» EXERCISE DETAILS
Transcribe all the lines below exactly. Omit the pictures.

» DATA
---------------
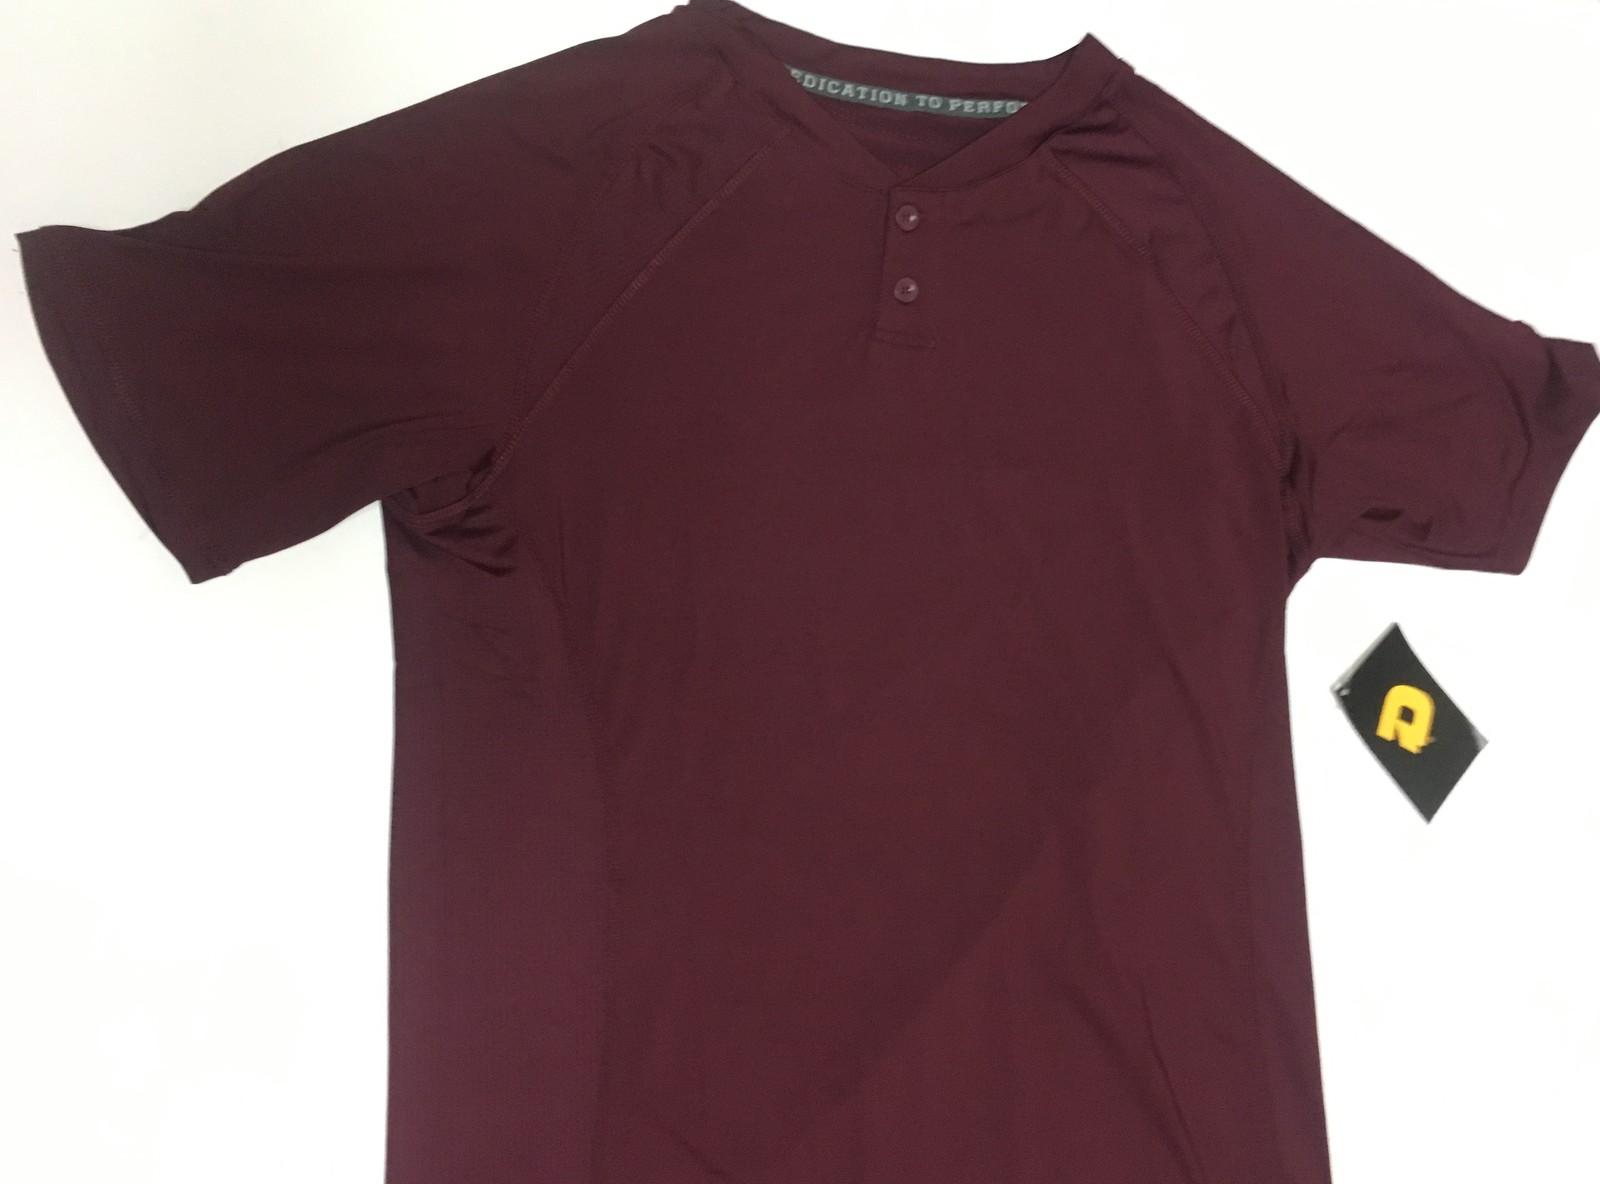 DeMarini Sports Comotion Performance Shirt Men's Sz L Maroon
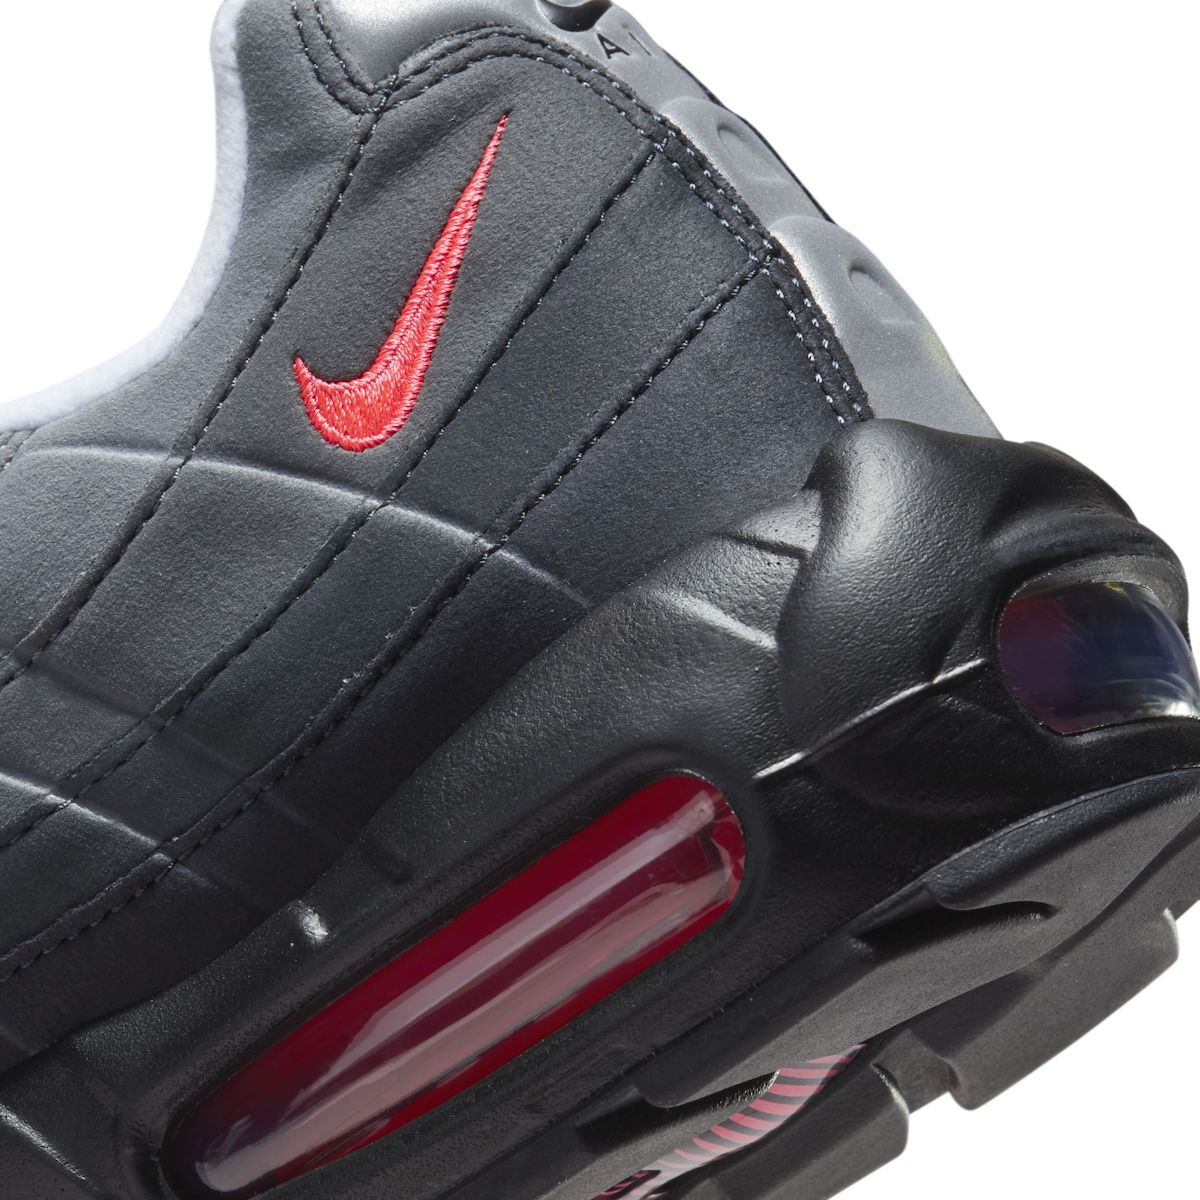 Nike Air Max 95 Greedy 3.0 Release Date Info
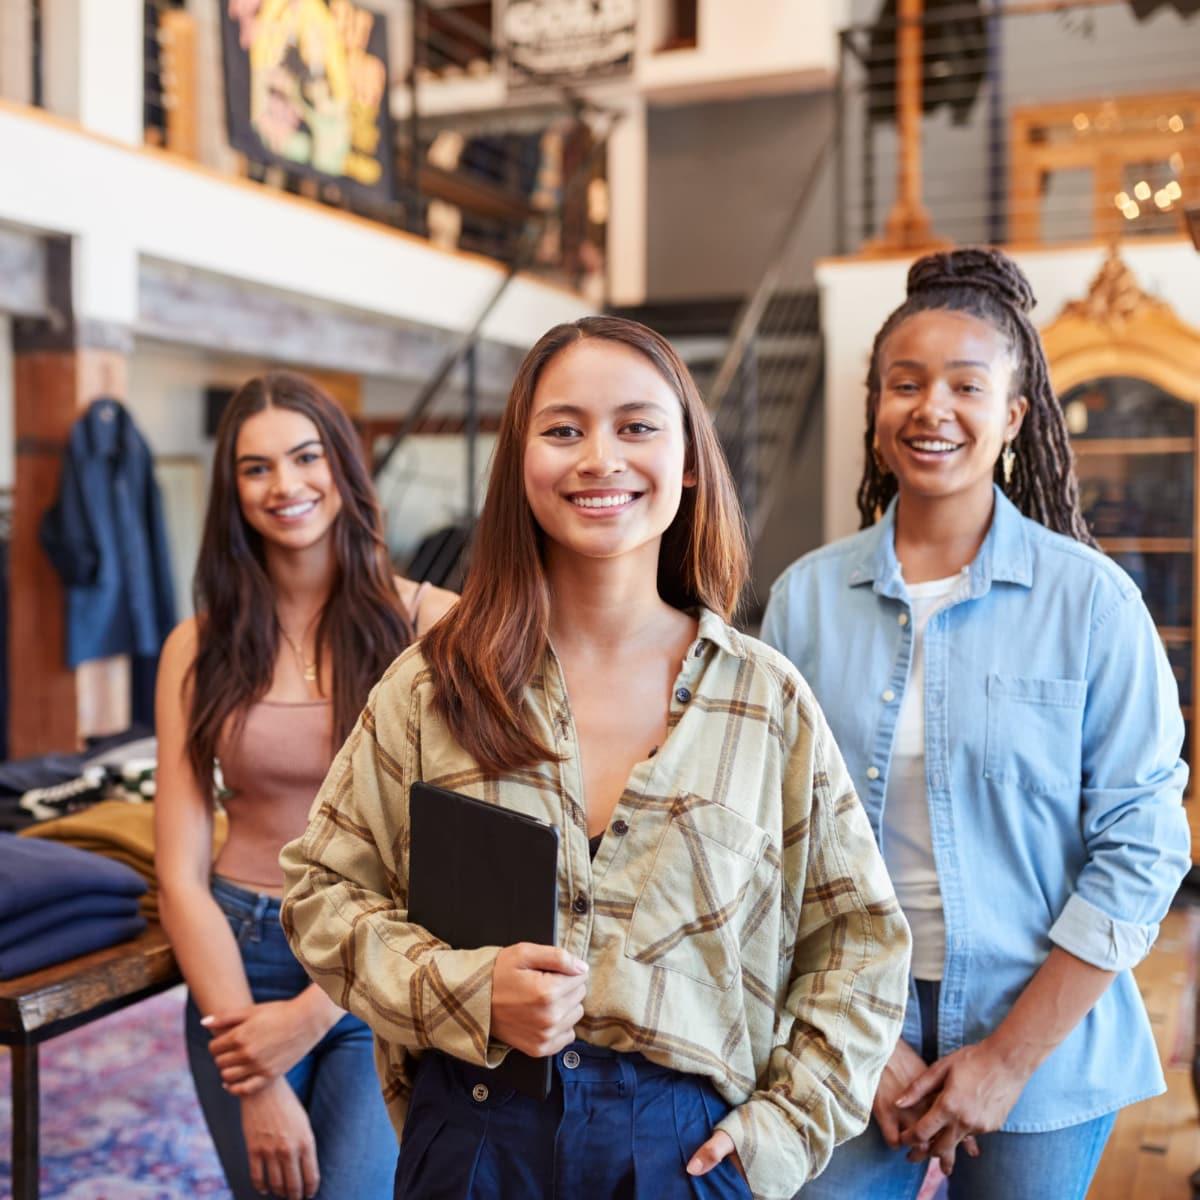 three women working in clothing store
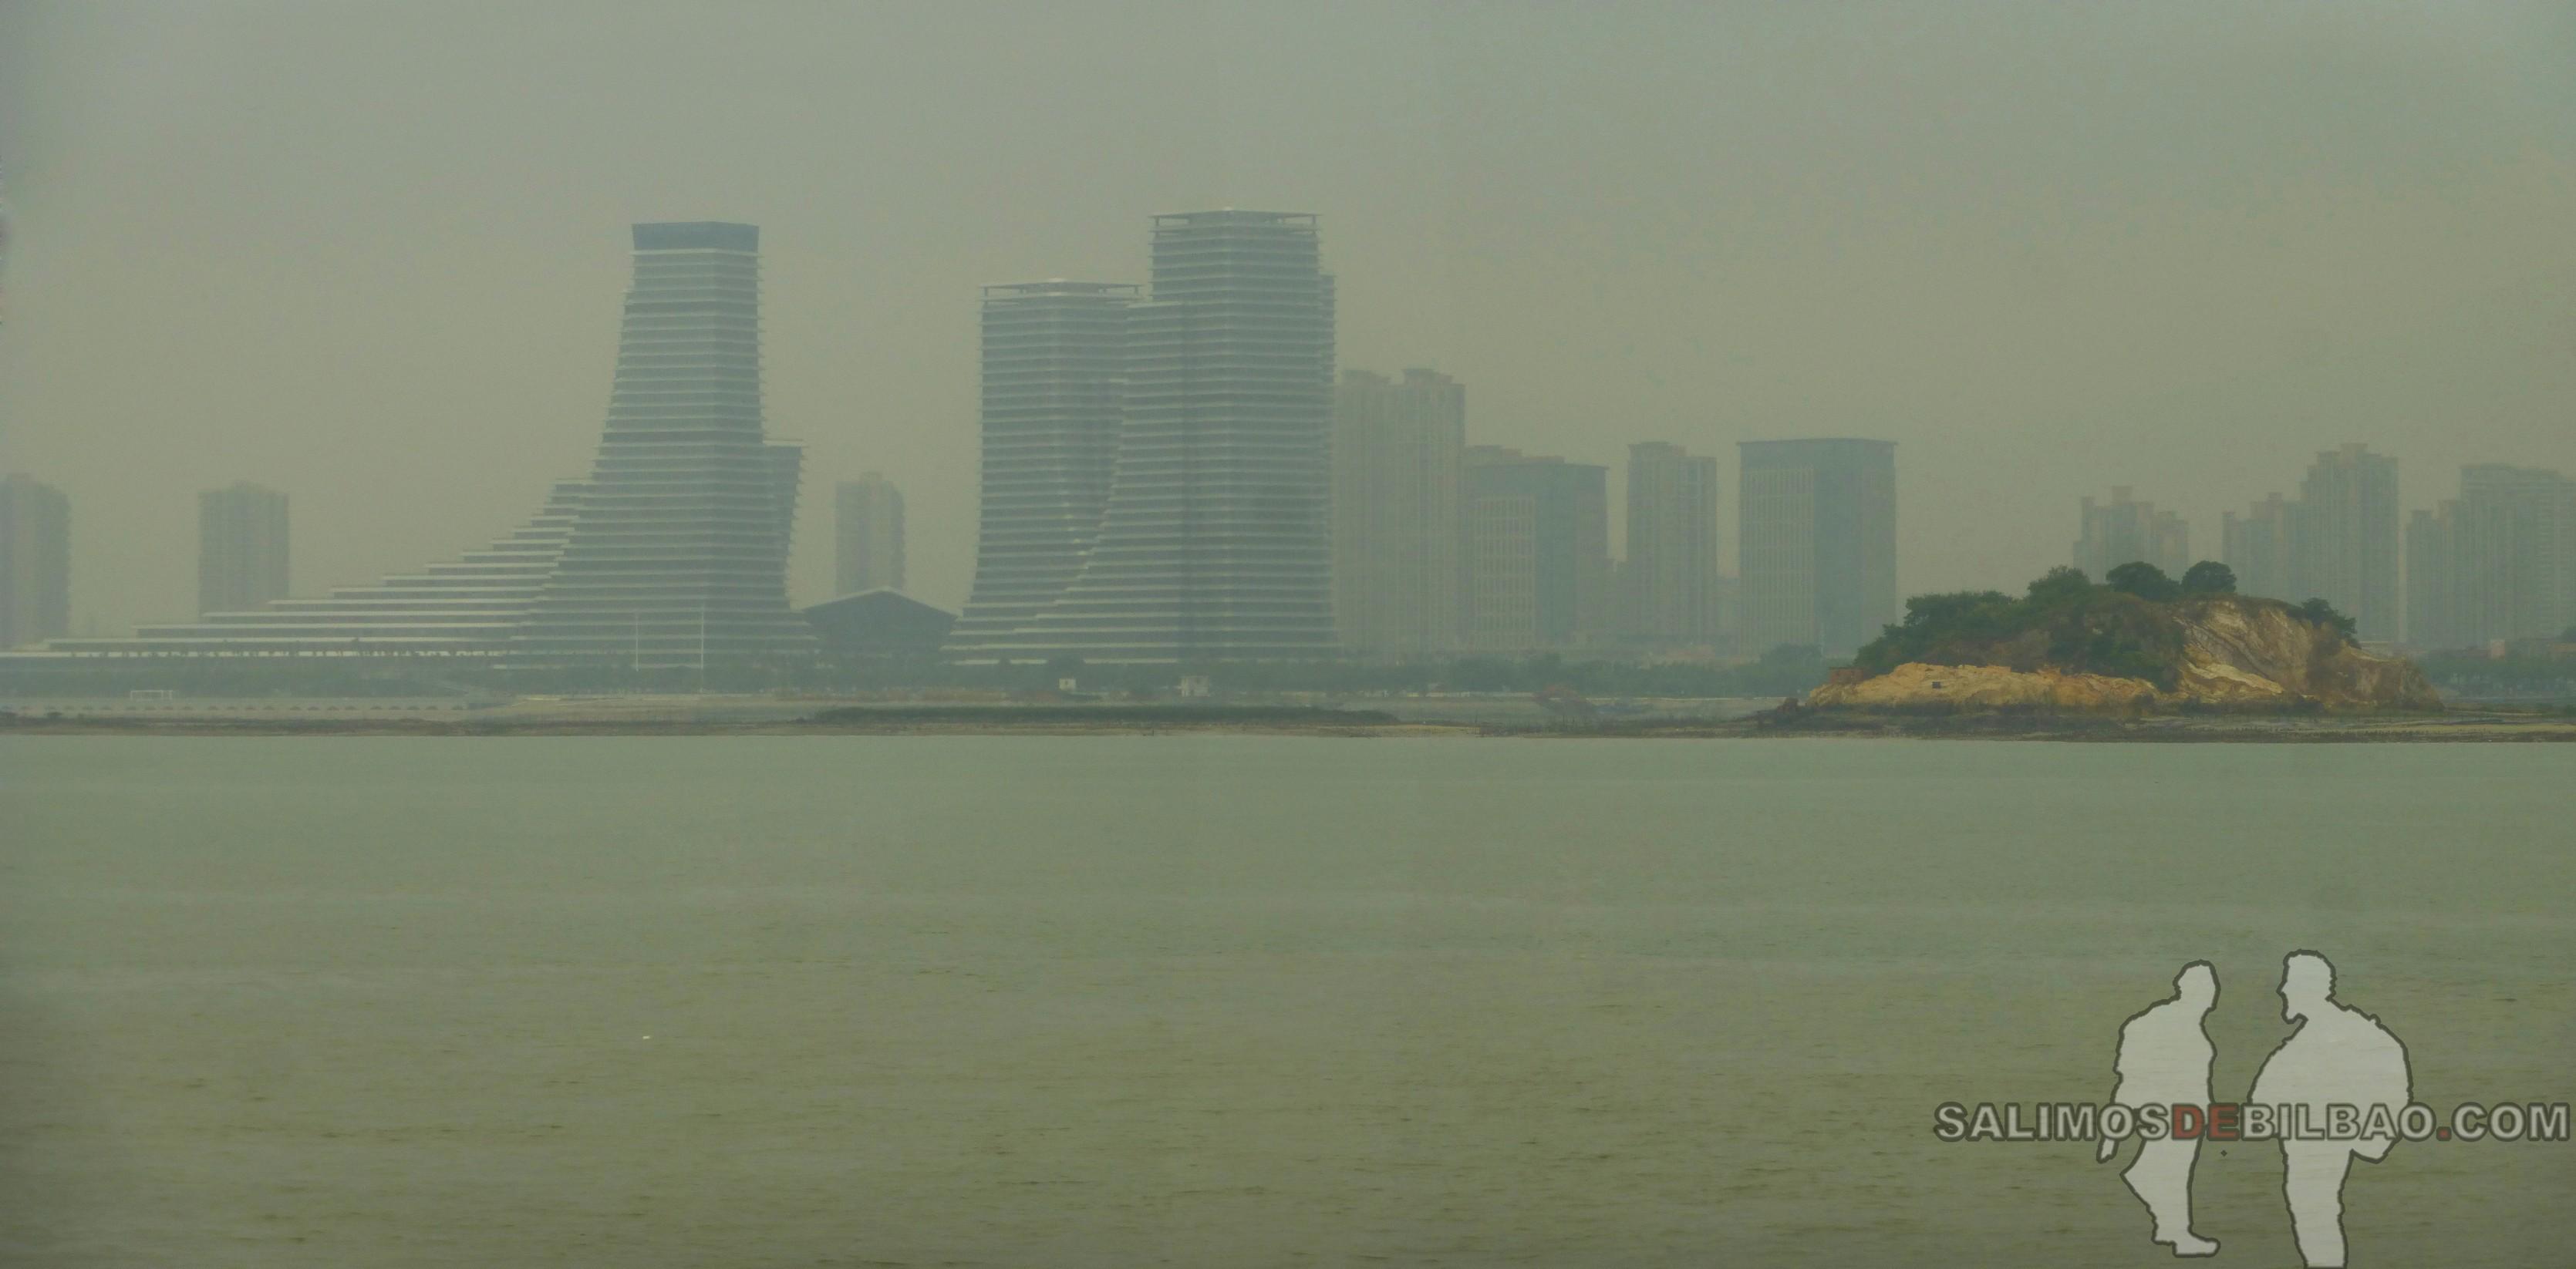 0009. Pano, Vistas de Xiamen desde el ferry a Gulangyu, Xiamen
---------------
» EXERCISE RESPONSE
 DeMarini Sports Comotion Performance Shirt Men's Sz L Maroon
 Nike Air Max 95 Greedy 3.0 Release Date Info
 three women working in clothing store
 0009. Pano, Vistas de Xiamen desde el ferry a Gulangyu, Xiamen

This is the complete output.